Making this stranger, these issues involving Schiff have been aired before, during his 2024 Senate campaign, when multiple of Schiff’s Fannie Mae loans and residences came to light. As CNN reported at the time, his spokesperson argued that it was appropriate to describe both residences as primary because they both function that way for the Schiffs (and also to distinguish them from a vacation home).
The Fannie Mae memo itself is squirrelly with its charges. It claims that Schiff “possibly” misrepresented his homes on multiple loans. Read through Trump’s whole tweet on this and it’s clear that someone or other created a tidy package of these charges and handed them to Trump—or whoever wrote this tweet—to translate into this missive. How did that happen?
Experts also point out that the memo shows that the response to the inspector general’s request was forwarded to the head of FHFA—William Pulte, a Trump political appointee and loyalist.
“It is extremely unusual for the response to any IG document request to go to the head of the agency rather than back to the OIG—I have never heard of that,” Bromwich told me. “So far as I know, it is unprecedented for such raw information to be forwarded to the White House. Responses to OIG requests simply don’t go to the White House—ever.”
Did anyone at the White House urge this inspector general to make this document request involving Schiff? Did anyone at the White House quietly hint to Fannie Mae that it should criminally refer this matter to DOJ? Is anyone making an offhand suggestion to DOJ that it open a criminal investigation on this basis?
“The creation of an investigation into a high government official is extraordinarily unusual for a Fannie Mae inspector general,” Don Kettl, former Dean of the University of Maryland School of Public Policy, told me. “What drove this through the bureaucracy?
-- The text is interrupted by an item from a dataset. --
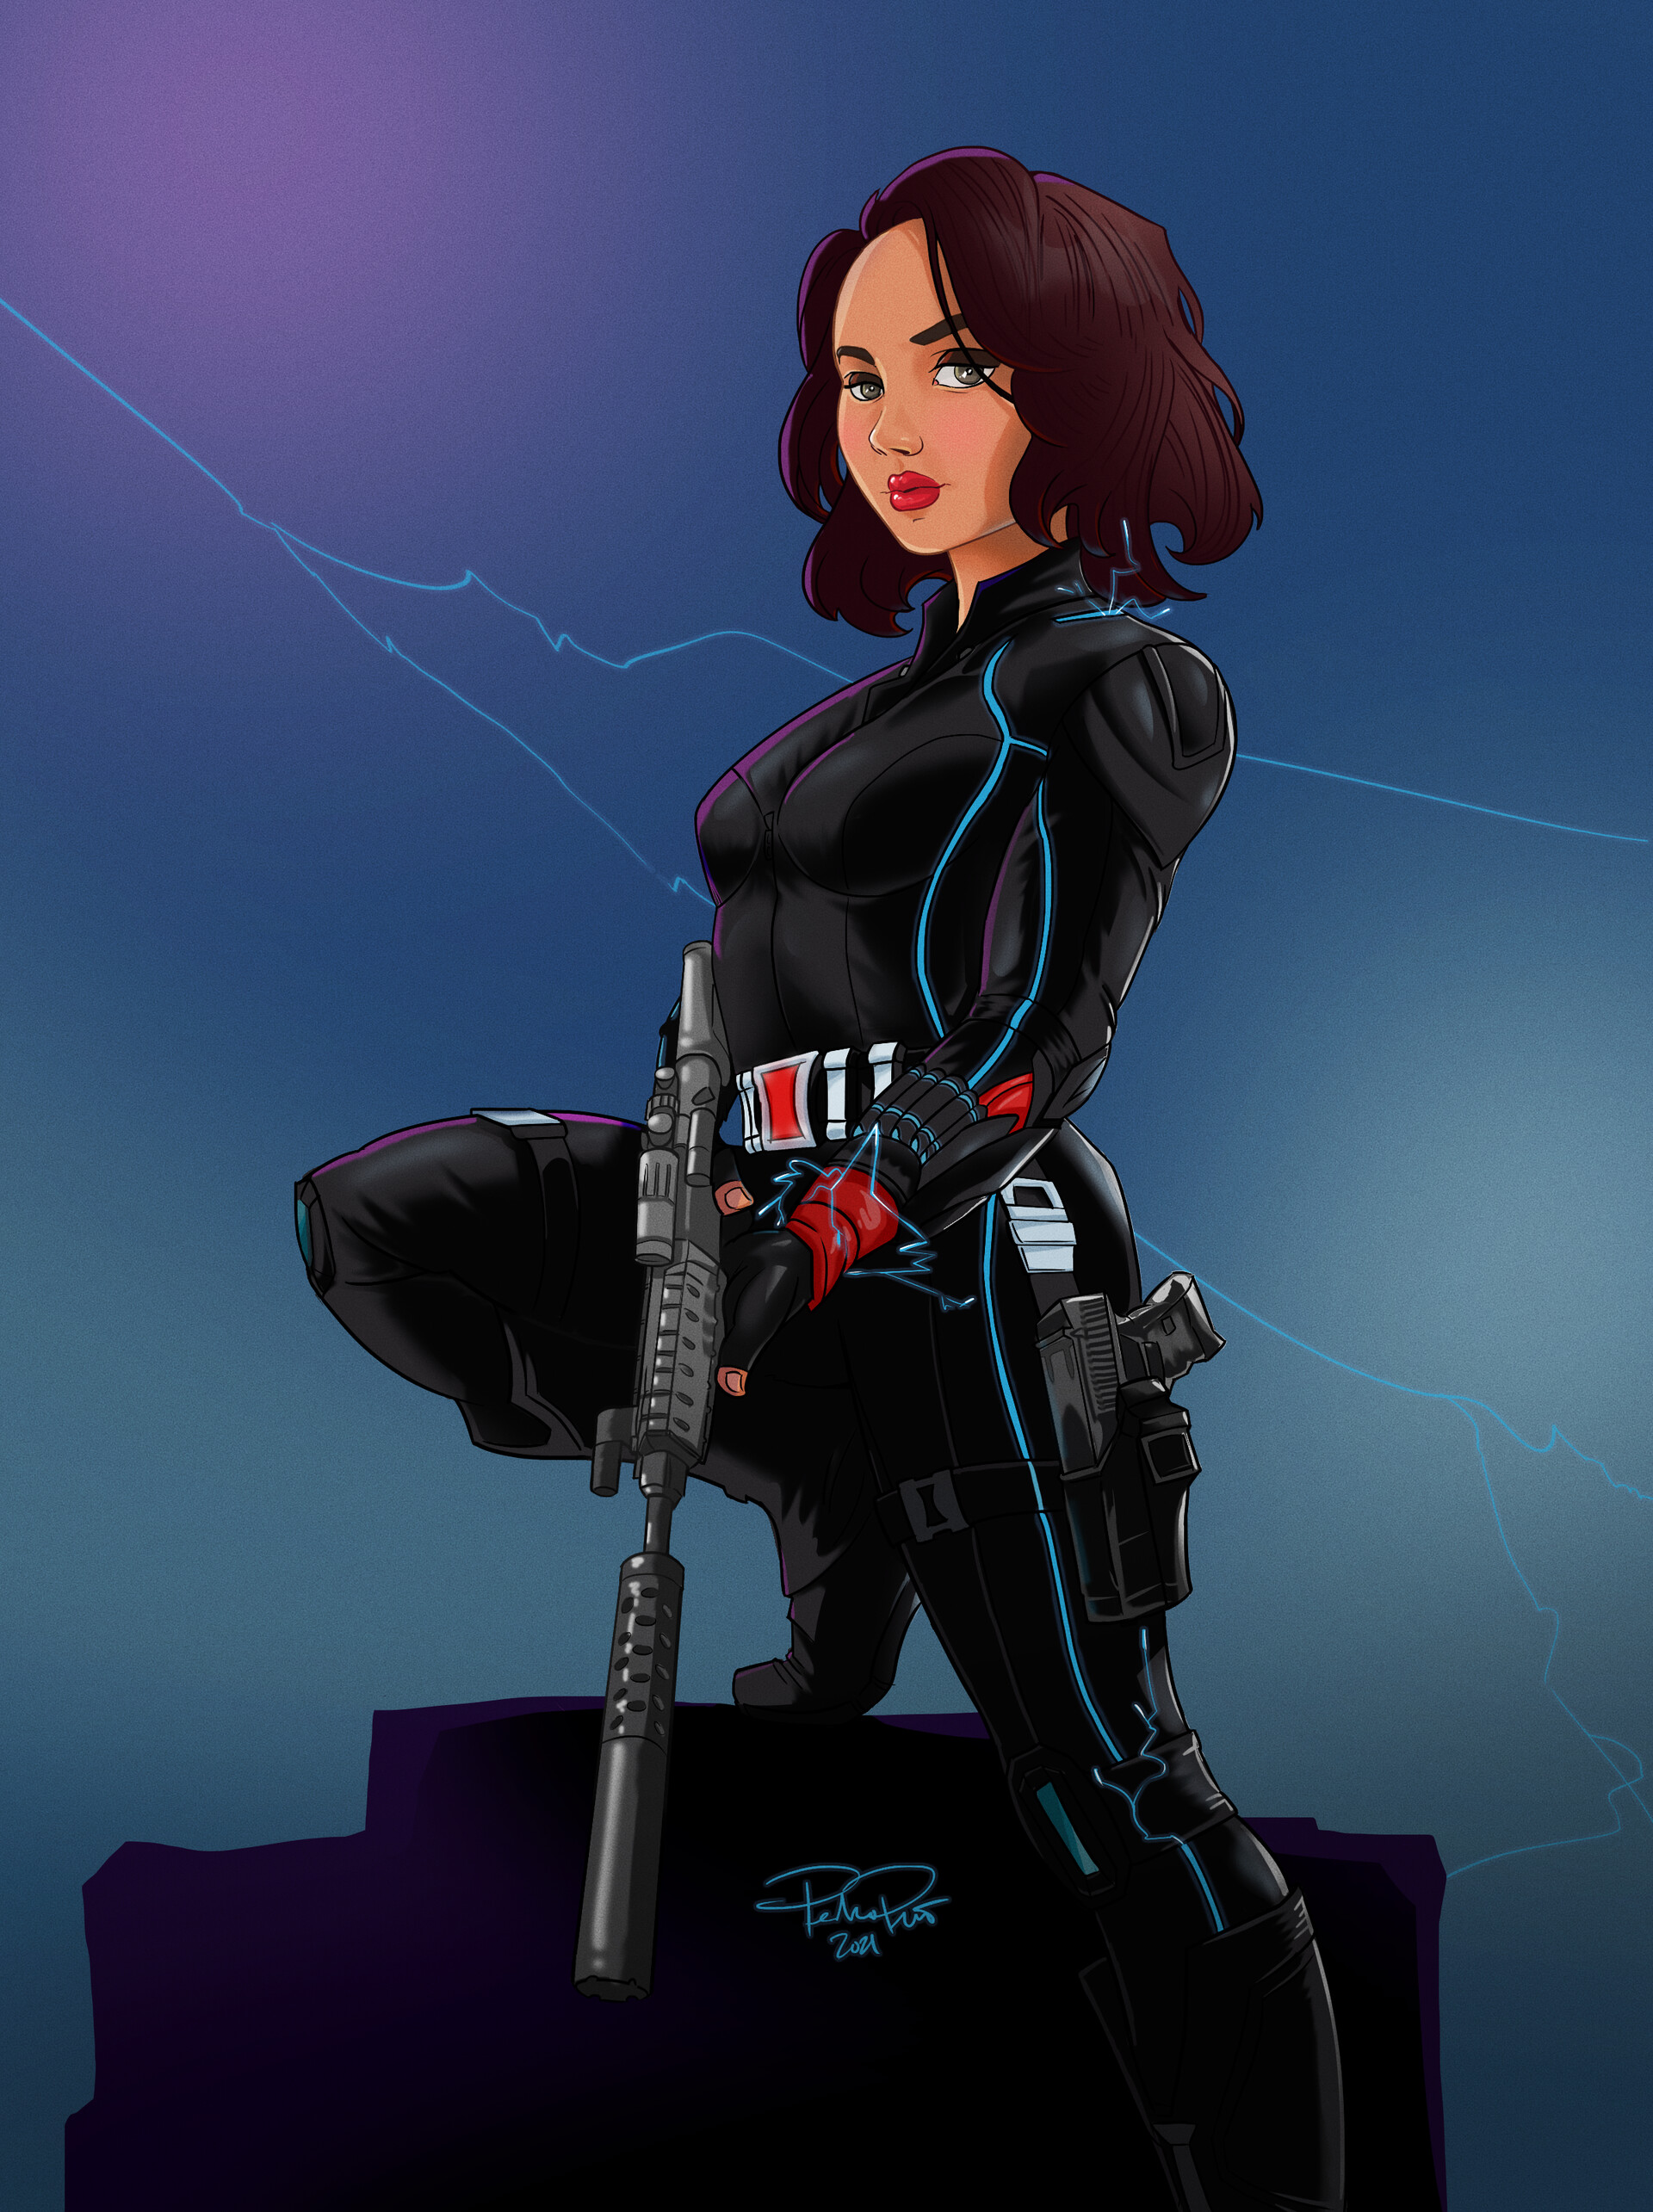 ArtStation - Marvel's Black Widow Character Illustration

What drove it to DOJ? How did the story find its way into the president’s social media feed?”
Making this worse, this tactic is already emerging as a model. As Talking Points Memo’s David Kurtz points out, Trump alleged mortgage fraud against New York attorney general Letitia James, who sued the Trump Organization for fraud, via similar channels. “Inspectors general are supposed to serve as checks on the president, but it looks like Trump is weaponizing them to attack his political opponents,” Brown University professor Corey Brettschneider, an expert on presidential power, tells me.
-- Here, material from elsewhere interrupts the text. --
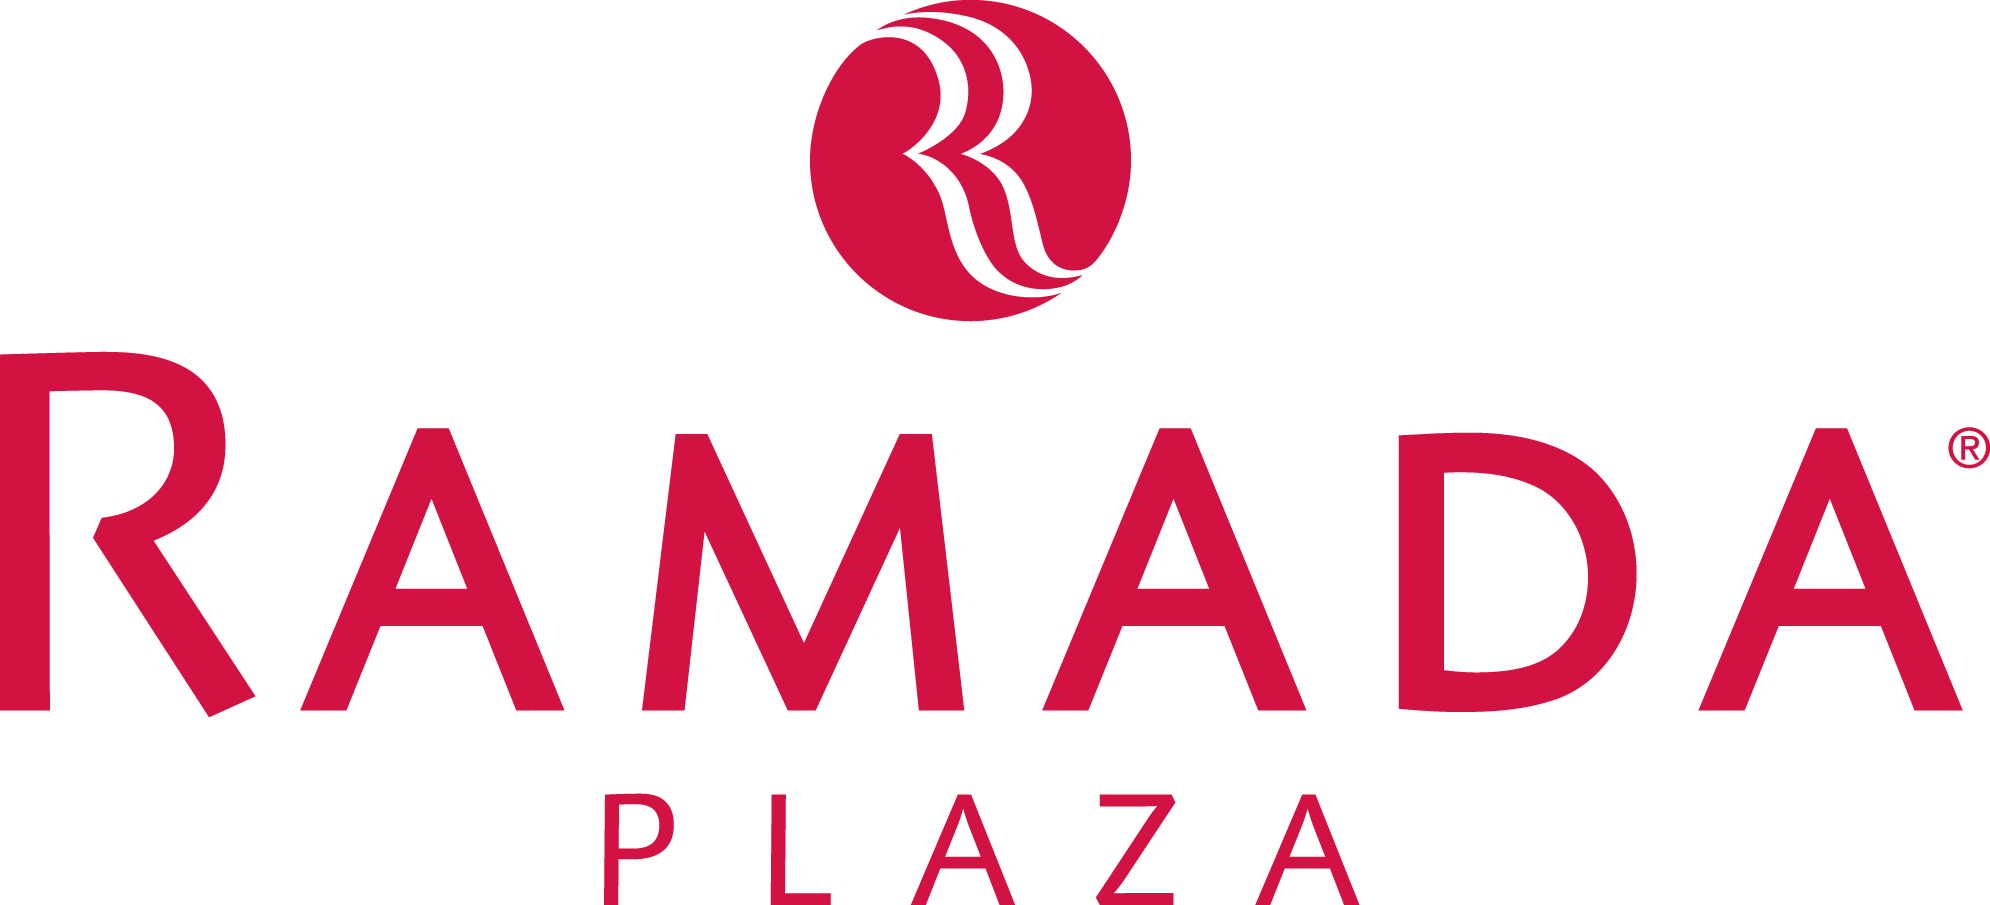  / Ramada Plaza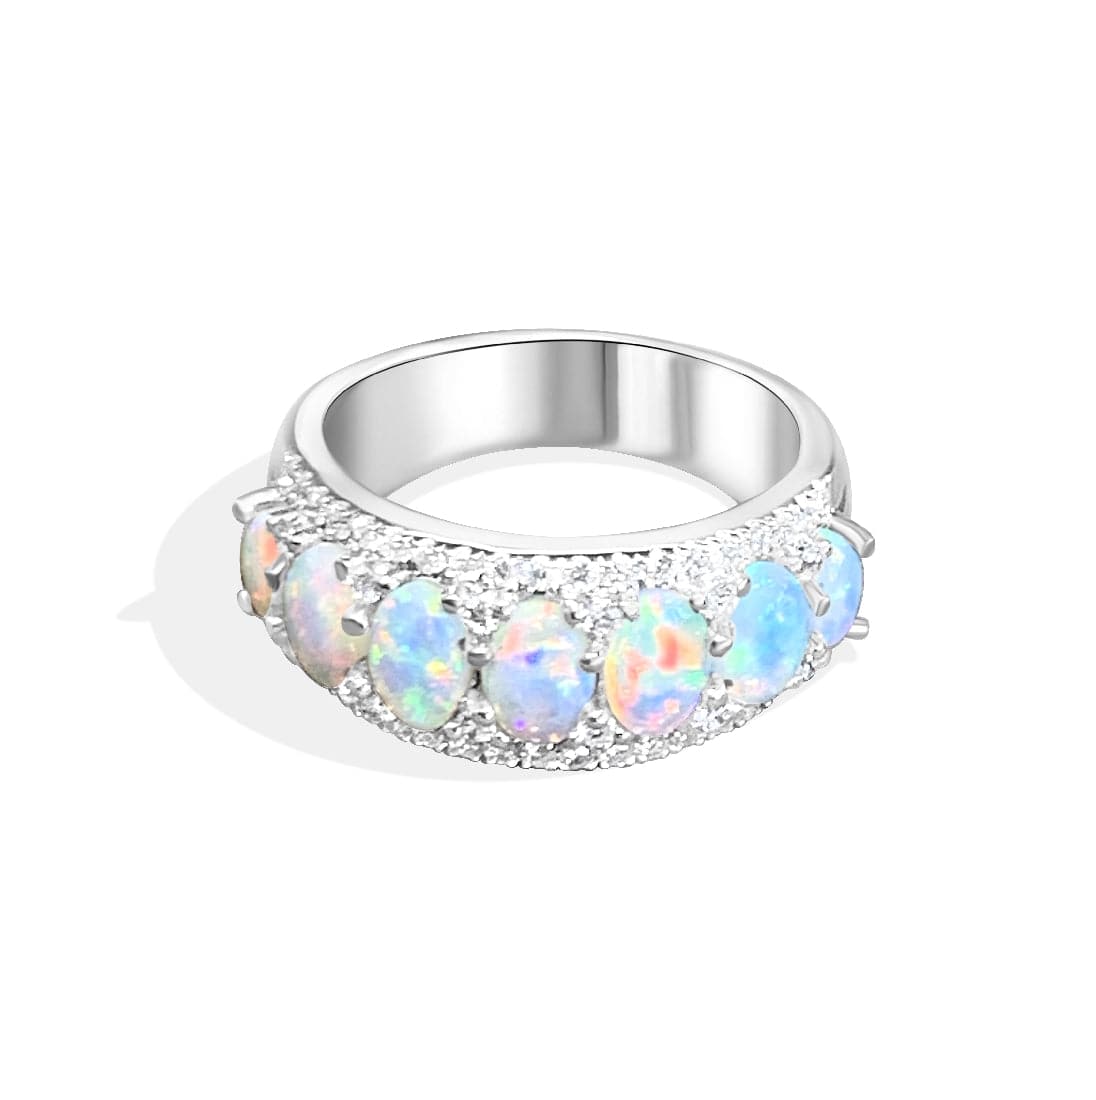 14kt White Gold eternity style Opal and Diamond ring - Masterpiece Jewellery Opal & Gems Sydney Australia | Online Shop

Meanwhile, over at The Bulwark, Jonathan Last writes about another sordid tale involving a former FBI special agent who was pushed out because he was friends with someone on Trumpist FBI director Kash Patel’s enemies list. As Last notes, this couldn’t happen without little-known functionaries below Patel being willing to carry out dubious orders.
So on this Schiff matter, are any Trump political appointees at FHFA or Fannie Mae proving, shall we say, very receptive to White House suggestions of investigative targets? Are they eagerly moving these suggestions through the bureaucracy?
These questions are all critical to answer even if you believe the charges against Schiff will end up having something to them (which they probably won’t). What’s more, Democrats need to communicate clearly to the public that instances like these are part of a bigger story: Trump is corrupting the bureaucracy—corrupting the people’s government—by seeding it with loyalists at all levels who are willing to manipulate it to carry out his crazed vendettas.
As Brian Beutler explains, this sort of deep corruption of multiple agencies will inevitably create a need later to “de-Trumpify” them. Democrats should loudly let it be known right now that anyone who is carrying out corrupt orders—or illegal ones—will not be able to hide behind bureaucratic obscurity later. They will be held accountable—politically, or if needed, legally as well.
There are a lot of lingering questions about this whole Schiff mess. And when we start getting real answers to them, one suspects that this story will not look like the one Trump initially set out to tell.